The 75th anniversaries of the Universal Declaration of Human Rights and the establishment of the World Health Organization are observed this year.

WHO was founded on April 7, 1948, preceding by seven months the adoption of the Universal Declaration on December 10. The constitution of the WHO declares health as a fundamental right of every human being.

Within Article 25 of the Universal Declaration, health is included as a component of the right to an adequate standard of living. Further, health was included as a human right in the 1966 International Covenant on Economic, Social and Cultural Rights. Every human has the right to health.

Since the establishment of health as a fundamental human right, international agreements have set out to clarify the inclusiveness of the right to health and to define the relationship of “underlying determinates of health.”

These determinates of health include sanitation, safe drinking water, safe working environment, adequate housing, safe food, health-related education and gender equality.

The theme for this year’s World Health Day is “Health for All,” and it is a time of celebrating what has been done to ensure the right to health and addressing the ongoing challenges to public health.

One of the largest global challenges is that by the end of this decade, WHO estimates a shortfall of 10 million health care workers.

A wonderful success story in public health has been the growing emphasis on community-based, holistic primary health care. Accessibility to health services within a functional public health system remains a challenge to health globally.

“Accessibility is really one of the biggest issues we see in the Mississippi, Louisiana and Arkansas delta region,” asserts Brittany Caldwell, an ordained minister and registered nurse. A number of Mississippi hospitals have already shut down and over half of the remaining rural hospitals are in danger of closure.

Explaining that accessibility is often the biggest barrier to accessing health care, Caldwell describes the hardship facing people.

“When an expectant mother has to travel two or three hours to get to a major city it means that they must have dependable transportation and be allowed time away from work,” she says. “Most do not have the resources to be away from work for several days.”

Lack of access to prenatal care can cause low birthweight.
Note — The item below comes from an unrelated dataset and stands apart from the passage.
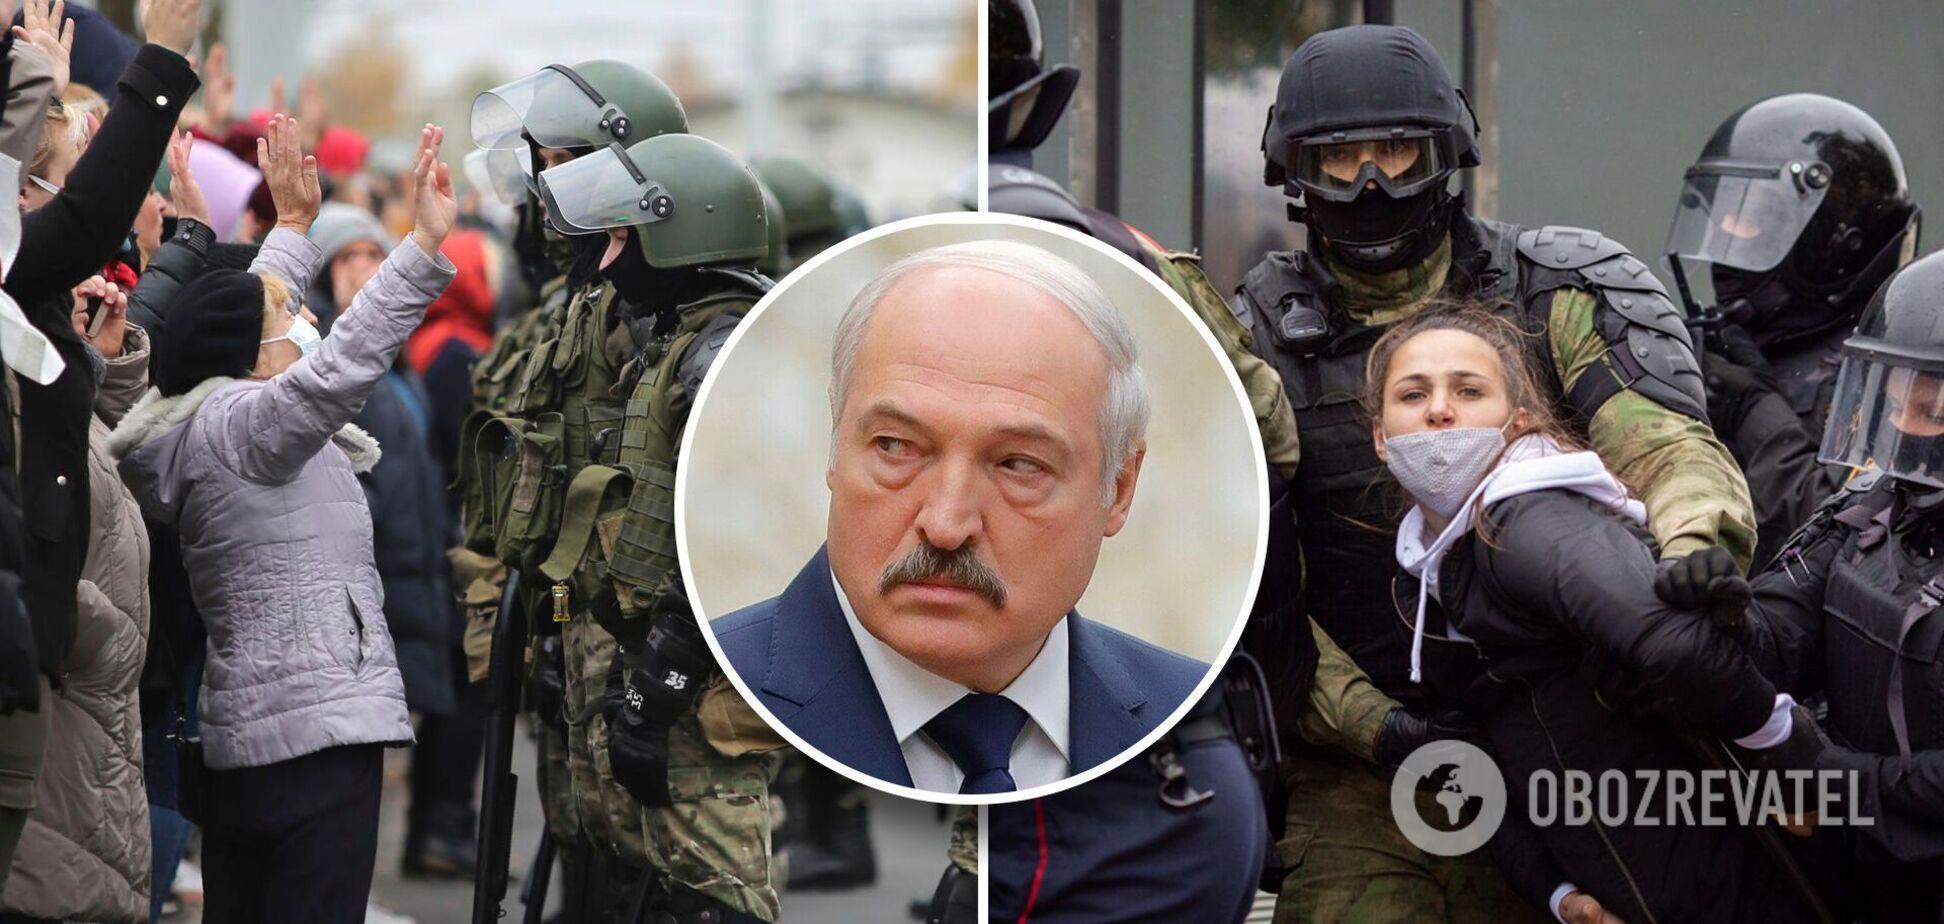 Лукашенко удерживает власть в Беларуси, хоть протесты и не закончились

Low birthweight – Mississippi leads the nation, Louisiana is second, Arkansas is seventh, according to CDC data – results in higher infant mortality, higher health care costs related to neonatal care, and also higher longer-range costs, including increased rates of heart disease, Type 2 diabetes and developmental problems.

“These new moms have to leave their newborn in the hospital because they do not have leave time from work,” Caldwell says. “They must work to have any income. It looks like they do not care for their baby, but this is not the case at all.”

Caldwell, who serves as coordinator of community engagement for Great Rivers Fellowship, offered a variety of ways that local congregations can impact public health in their community. To address the issue of accessibility, Caldwell describes how churches can become health care advocates for one another.

When a member “gets really sick and no longer can come to Sunday school, her Sunday school members can go to them,” she explains. “They can take them to their doctor’s appointments. They can help her make sure she gets her meds picked up, and then they can go home and they can put all her meds into her little med box so she knows when to take and what to take and how to take it.”

In addressing public health care issues more holistically, Caldwell insists: “Churches can provide nutritious food in the form of food pantries or meals to the elderly. Churches can offer education in the form diabetes classes or weight loss classes. Churches can offer exercise classes.”

“There’s just so many things like that churches can directly provide for their community. For example, vaccination clinics,” she says.

Sharing about her experience of coordinating a church-based COVID-19 vaccination clinic, Caldwell said the church was able to resume activities again in person sooner because “we had 100% vaccination rate at my small country church in rural eastern North Carolina.”

“Health for All” is an international goal which requires engagement at local, state and national levels.

This year’s World Health Day and 75th Anniversary of the WHO and establishment of health as a fundamental human right is an opportunity for us to consider the health of our own communities.

Advocating for and engaging to ensure accessible health care is one way to make #HealthforAll a reality.